There are Irish pubs all over the world. In Ireland they’re in big trouble

Travel

(CNN) — Ireland. Close your eyes and picture what you think of when you envision the Emerald Isle. The green. The natural beauty. That distinctive accent. But above all, Ireland is forever associated with its famed hospitality — the warmth of its people and its pubs.

It’s a country that prides itself on the slogan “Céad Míle Fáilte,” literally meaning “a Hundred Thousand Welcomes.” Millions of visitors are welcomed into the country’s drinking establishments for a pint every year.

But in a time of a third wave of Covid and a prolonged Iockdown in the country, the pandemic has brought the Irish hospitality sector, and in particular, the pub industry, to its knees. Although each bar faces a different set of circumstances and challenges, one thing is very clear. Ireland’s iconic watering holes face a deeply uncertain future.

“There’s a quiet level of despair about our position today,” says Donall O’Keeffe, CEO of the Licensed Vintners Association, the prominent trade association that has represented pubs in Dublin for over two centuries. “It’s an appalling situation and one we couldn’t have envisaged on the 15th of March last year.”

It was nearly one year ago that Ireland’s pubs were first told to pull the shutters down. A directive was made by the Irish government and then-prime minister, or taoiseach as the office is known in Éire, Leo Varadkar, to close down all drinking establishments.

It was just two days before the country’s planned St. Patrick’s Day festivities — an unprecedented move.

A roadmap out

Publican Joe Sheridan poses for a photograph in his closed pub, Walsh's bar, in the rural village of Dunmore in the west of Ireland, on September 3, 2020.

Publican Joe Sheridan poses for a photograph in his closed pub, Walsh’s bar, in the rural village of Dunmore in the west of Ireland, on September 3, 2020.

PAUL FAITH/AFP/AFP via Getty Images

Both the Licensed Vintners Association and the Vintners Federation of Ireland, the other major industry trade body for pubs, supported the initial closures last year. Cases were escalating and nobody had any clear idea of what would be necessary to put social distancing measures in place.
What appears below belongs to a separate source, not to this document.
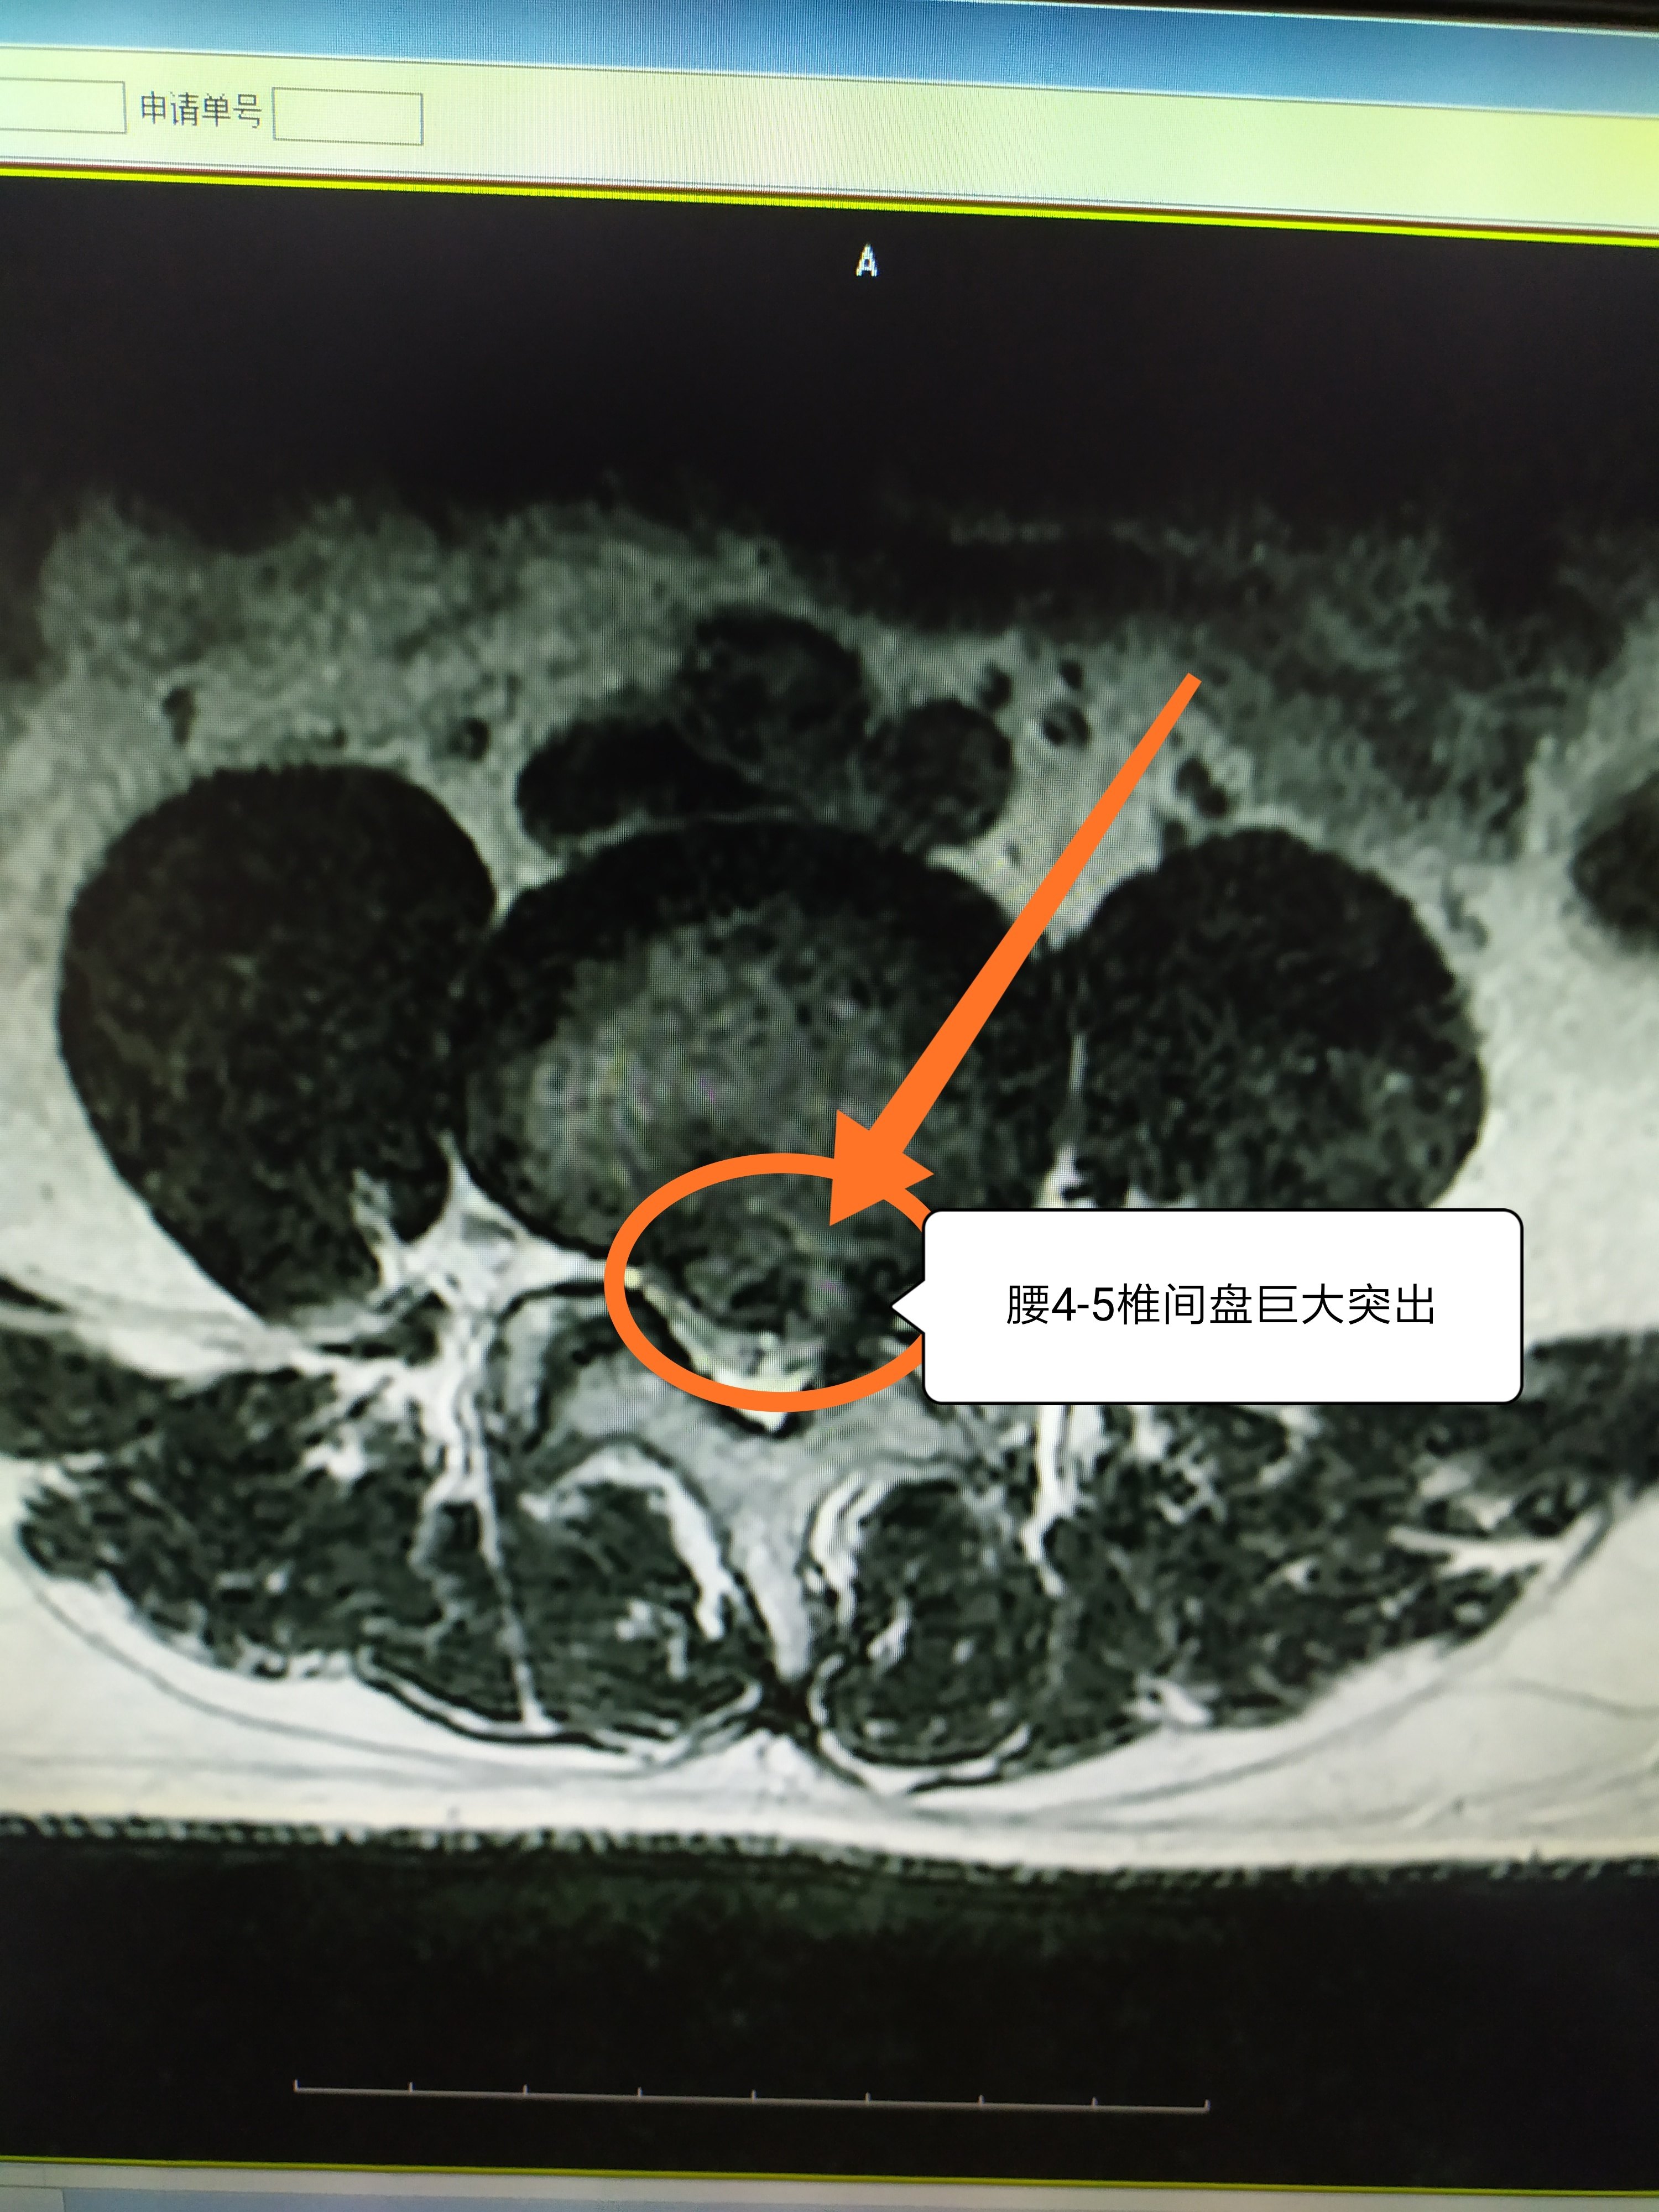 李明(化名),男,28岁,因为体检查腰椎ct或核磁(mri)发现腰椎间盘突出

The lockdown was only supposed to last three weeks.

But 12 months on, with Ireland in the midst of its third lockdown, the hospitality sector has been left devastated and there is currently no hint of when publicans can begin to trade again.

While current Taoiseach Micheál Martin has indicated to the Irish media that a phased reopening in the summer could be on the cards, nothing has been set in stone. Ireland’s coronavirus caseload remains high — particularly after the UK variant of the virus ravaged the country at the beginning of 2021.

Both the LVA and the VFI remain broadly supportive of the public health lockdown measures imposed but they say that pubs urgently need clarity on what a roadmap to reopening may look like so that they can plan and manage their finances.

“It’s really very stressful that eleven months later, we don’t have any sight on the conditions that must apply that will allow us to reopen,” O’Keeffe tells CNN Travel.

“Clearly we will follow the public health advice… we’re not looking for a date. Tell us what level of community transmission. Tell us what level of vaccine rollout needs to be reached to allow hospitality to reopen.”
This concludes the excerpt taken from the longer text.